The last game I played we (we only played doubles) won 15 - Love. My partner was a very good player; I was OK. One of our opponents was a very good player, the other was about standard. It was nice to think that the last game I ever played I won 15 to zero. But something happened in the game that sealed my fate as a player: when we reached 14 I realised I couldn't lift my foot - I had somehow got "drop-foot" or "foot-drop". But my partner was able to finish the game successfully while I staggered about on one foot, sort of thing.
Some of the games were more like battles than games.
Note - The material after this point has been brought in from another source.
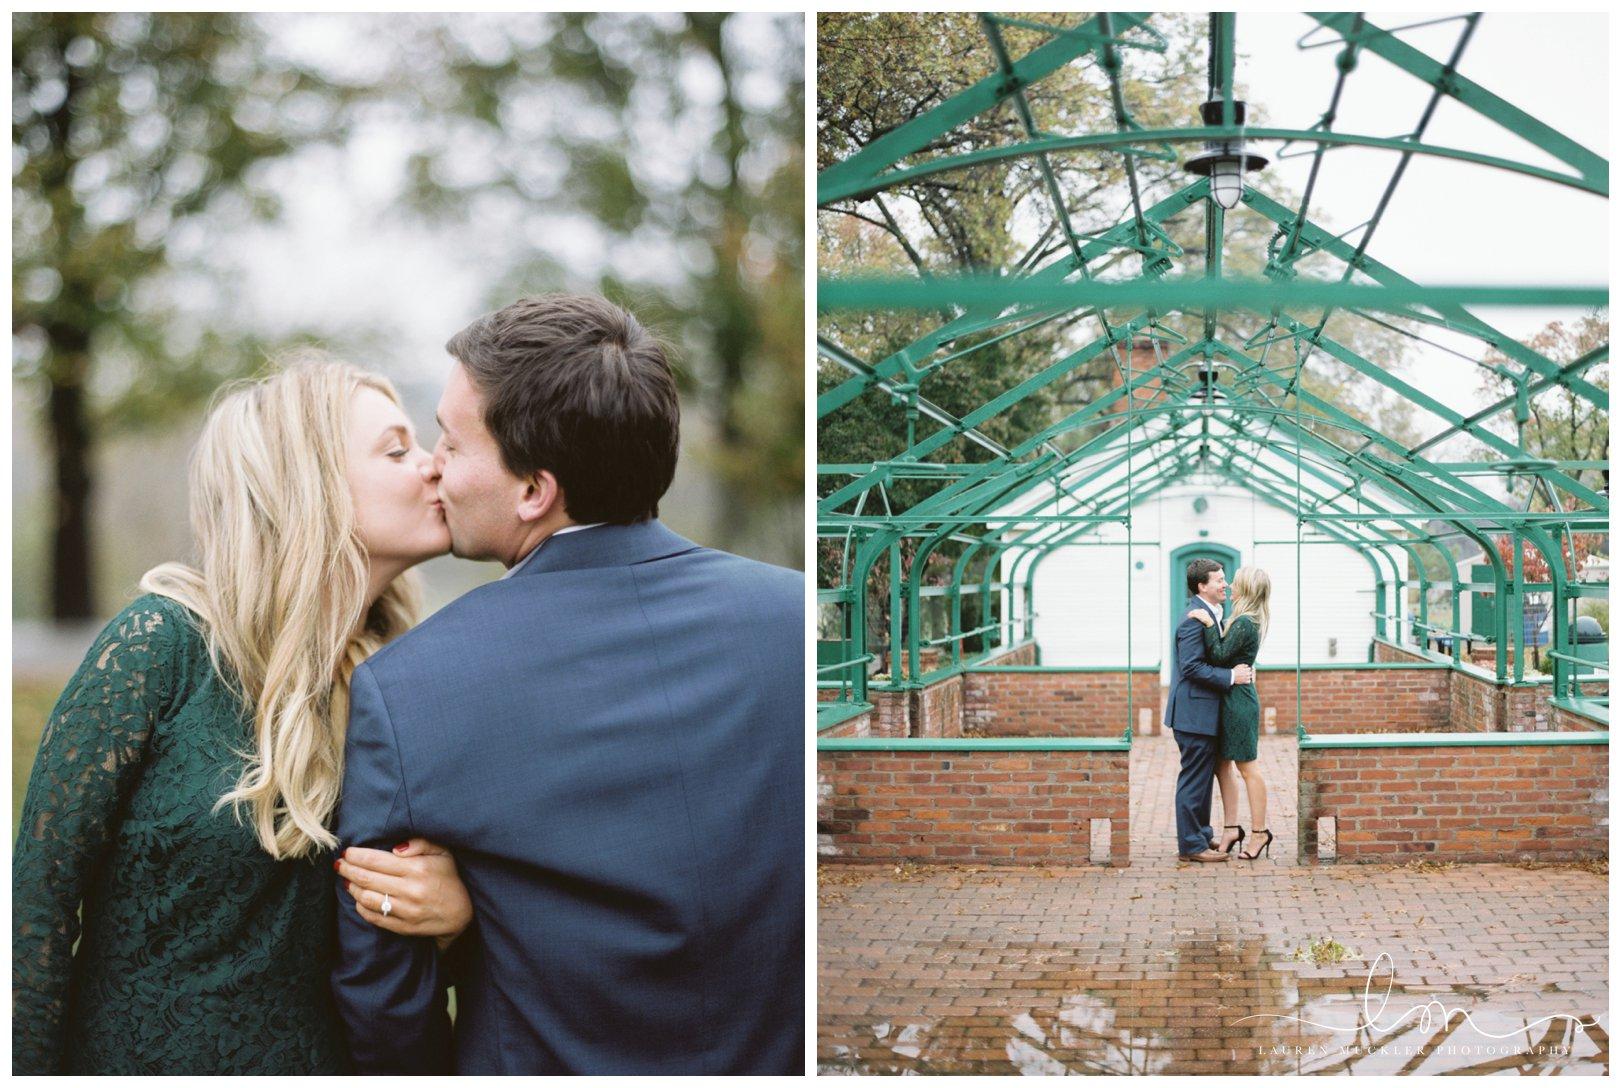 lauren muckler photography_fine art film wedding photography_st louis_photography_0774.jpg

These old men - and some women - quarrelled over every little thing. "It was in." "It was out". "I said it was was in." "And I said it was way out here" - indicating with his racket a spot well outside the border line. By this time they were confronting each at the net, nose to nose over it from each side. "You are the biggest cheat I have ever known". A sour laugh from the other side of the net: "who's a cheat? Not me. By the way, I thought you were a Christian." What being a Christian had to do with it I don't know.
One day someone from a magazine or newspaper or whatever came to photograph us ("You too can become healthy and fit if only you try. Look at this lot of crocks...."). He took photos from the side, from behind us and then he decided to take an elaborate kind of photo of a group (who were always argueing) from the floor. He placed himself on the floor at the edge of the netpole, angled his camera with great exactitude at a player or two, took ages to get it all right and was about to take the first shot when he found that there was no one on court - an argument had taken place in which someone had called someone something, probably a cheat, and one walked off followed by the rest. The photographer lay there awhile hoping perhaps they'd return. But no, they were still "at it" on the sidelines. I read a word on his lips which summed up his feelings I think. It began with an F and had four letters.
The ninety-year old told me a joke just before I left: four old men used to play tennis regularly but they were always argueing over whether the ball was in or out of court. Then one of them died so they had to seek another tennis player. They found an old bloke who could play so asked him to play to which he replied yes he would. Came the first game and someone said "It was out". An opponent said "it was in". They decided to consult the newcomer. "Did you see it?" "Yes," he replied. "Well was it in or out?" "I can't remember," he said.
In case you are wondering what happed to my foot - it got better. But no more badminton thanks.